Trouble always comes ‘in a crowd’, and my week was evidence of that. Multiple family members were sick, and my father after many weeks of tests got bad news. Helping he and my mother adjust to a new reality was hard on all of us. Then, Wednesday night our sweet dog, Moses, became ill. We rushed him to the vet, but the news was horrid. A massive stroke had paralyzed him. At two in the morning we said our final good-byes and let him go.
When I called our boys (they live in another state) to deliver the latest round of bad news, it was too much for all of us. We sat and cried together over the phone.
Not to mention a host of smaller bits of life’s down turns, it was a week we all wanted to see end.

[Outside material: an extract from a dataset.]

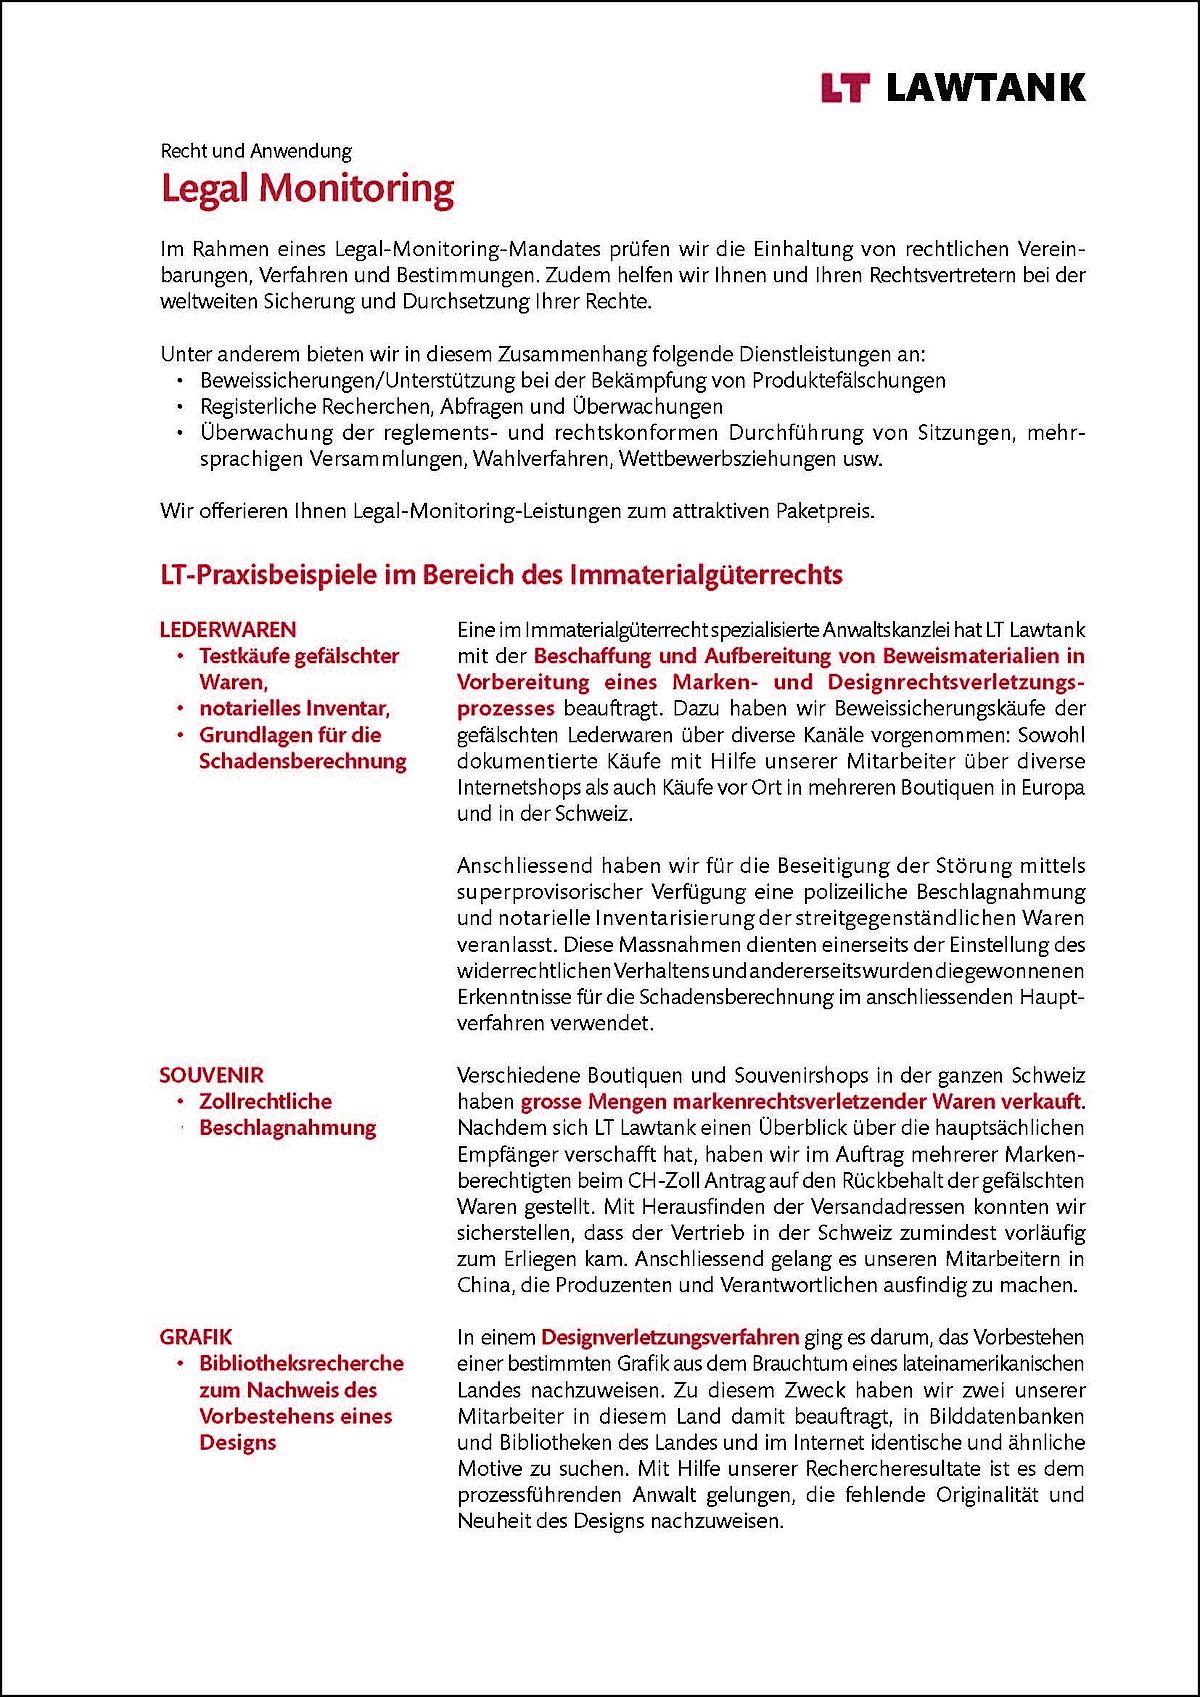 LT Lawtank - Legal Monitoring - Beweissicherungen/Unterstützung bei der Bekämpfung von Produktefälschungen, Registerliche Recherchen, Abfragen und Überwachungen, Überwachung  der  reglements-  und  rechtskonformen  Durchführung  von  Sitzungen,  mehr-sprachigen Versammlungen, Wahlverfahren, Wettbewerbsziehungen usw.
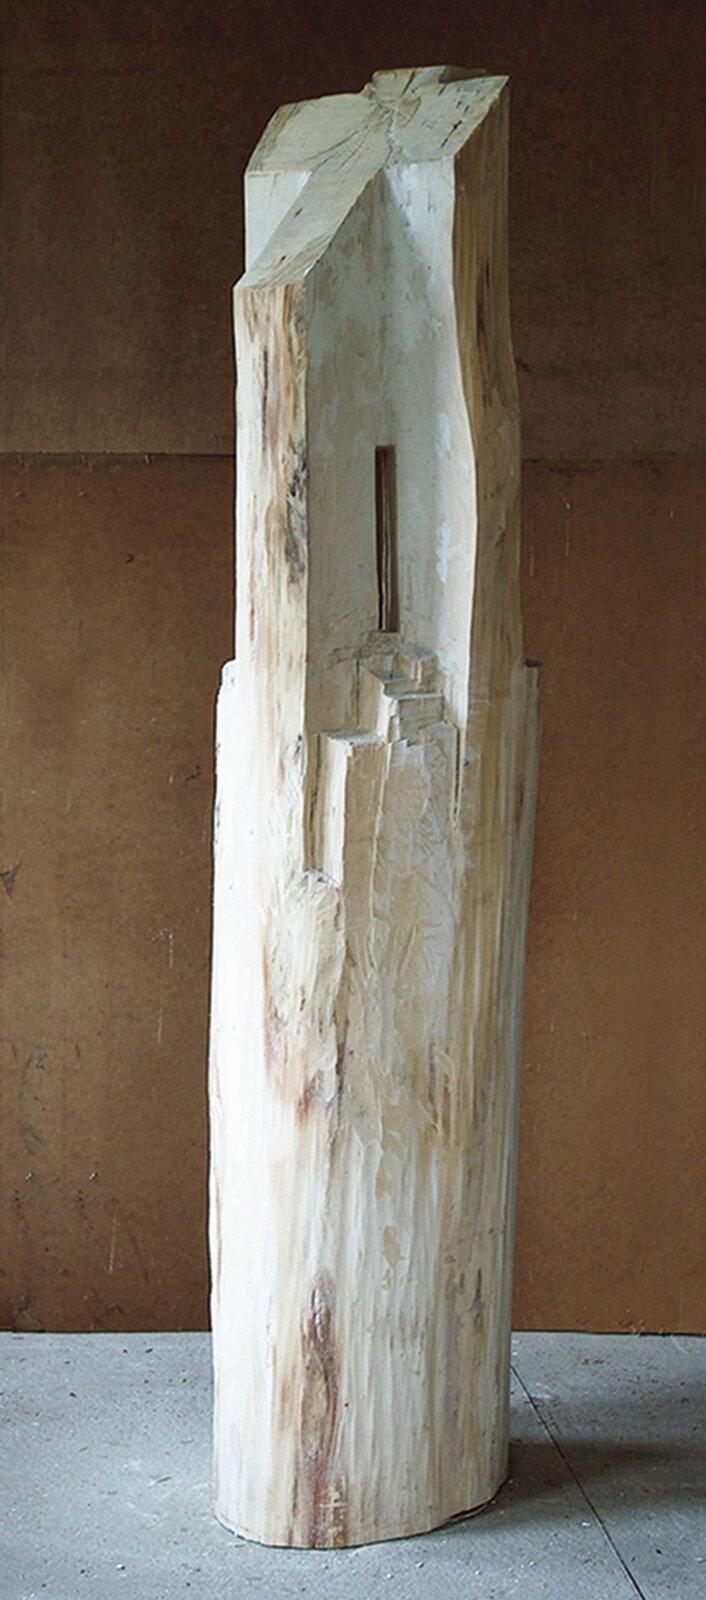 """Ilustracja przedstawia rzeźbę Krzysztofa Mazura """"Kapliczka biała"""". Jest to drewniany, ciosany pień drzewa ukształtowany wbryłę zbliżoną do walca, wgórnej części kaskadowo pościnanego. Wśrodku pień jest wydrążony - zawiera wąski prześwit. Górna część tworzy krzyż."""

When it comes to human emotions, there are certain ones that we all understand, we all GET. Grief is one of those universal emotions that transcends race, faith, culture, borders, boundaries, or anything else that separates us. It is a common theme in literature, film, and art. As I experienced last week, with all its upheaval, one tiny rainbow appeared. A short story written second semester of my grad program – which I was never able to finish – suddenly became clear. I’d halted on it because I couldn’t “find” the core of it. In my week of grief, it found me. Now, I can finish it. Grief has written it for me.
Has life ever helped you finish a piece you were stuck on? How did it work for you?